19. The display device according to claim 18, wherein the scale is arranged as an arc, the LED display elements arranged along the entire scale correspondingly curved in form.

20. The display device according to claim 17, wherein the second display includes four LED display elements.

21. The display device according to claim 17, wherein the second display includes LED display elements, a color of the LED display elements arranged according to a general color designation of the additive.

22. A method for actuating a display device for a motor vehicle, for operation, the motor vehicle carrying a store of fuel and a store of an additive, the additive consumed by the motor vehicle as a function of fuel consumption and other driving parameters, comprising:

actuating electronically actuable display elements to indicate a range of the store of additive in accordance with a range of a full fuel tank.
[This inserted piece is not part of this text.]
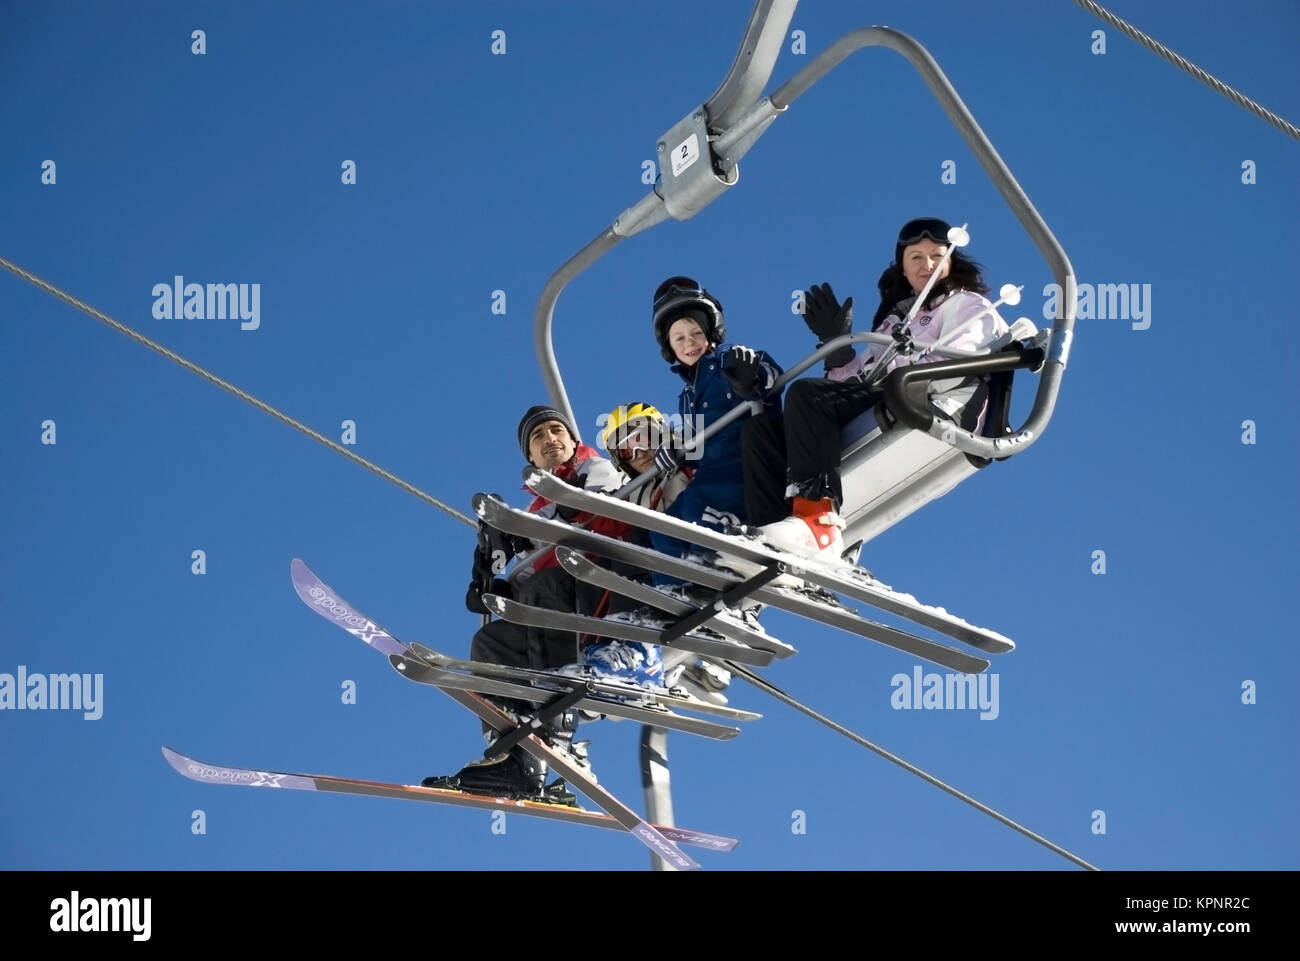 Skifahrer am Sessellift - skier on chair lift Stock Photo

23. The method according to claim 22, further comprising calculating the range of the store of additive in accordance with the range of the full fuel tank as a ratio of the range of the store of additive to the range of the full fuel tank according to the following:

ART=1 if AR/KRT is greater than 1; and

ART=AR/KRT, otherwise;

wherein ART represents the ratio, AR represents the range of the store of additive, and KTR represents the range of the full fuel tank.

24. The method according to claim 23, wherein the display elements are actuated to indicate a value for the store of fuel and to indicate the value for the store of fuel and the ratio on a common scale.

25. The method according to claim 24, wherein the display elements include four LED display elements arranged along an entire scale to indicate the value of the ratio and a pointer to indicate the value for the store of fuel according to the following:

none of the LED display elements are actuated to light up if ART<¼;

a first LED display element arranged at an origin of the scale is actuated to light up if ART≧¼;

a following second LED display element is actuated to light up if ART=½;

a following third LED display element is actuated to light up if ART≧¾; and

a following fourth LED display element is actuated to light up if ART=1.

26. The method according to claim 22, wherein a display element is actuated in the actuating step if a reserve range of the store of additive is less than or equal to a reserve range of the store of fuel.

27. A motor vehicle carrying a store of fuel and a store of an additive, the additive consumed by the motor vehicle as a function of fuel consumption and other driving parameters, comprising:

a display device including electronically actuable display elements adapted to indicate a range of the store of additive in accordance with a range of a full fuel tank.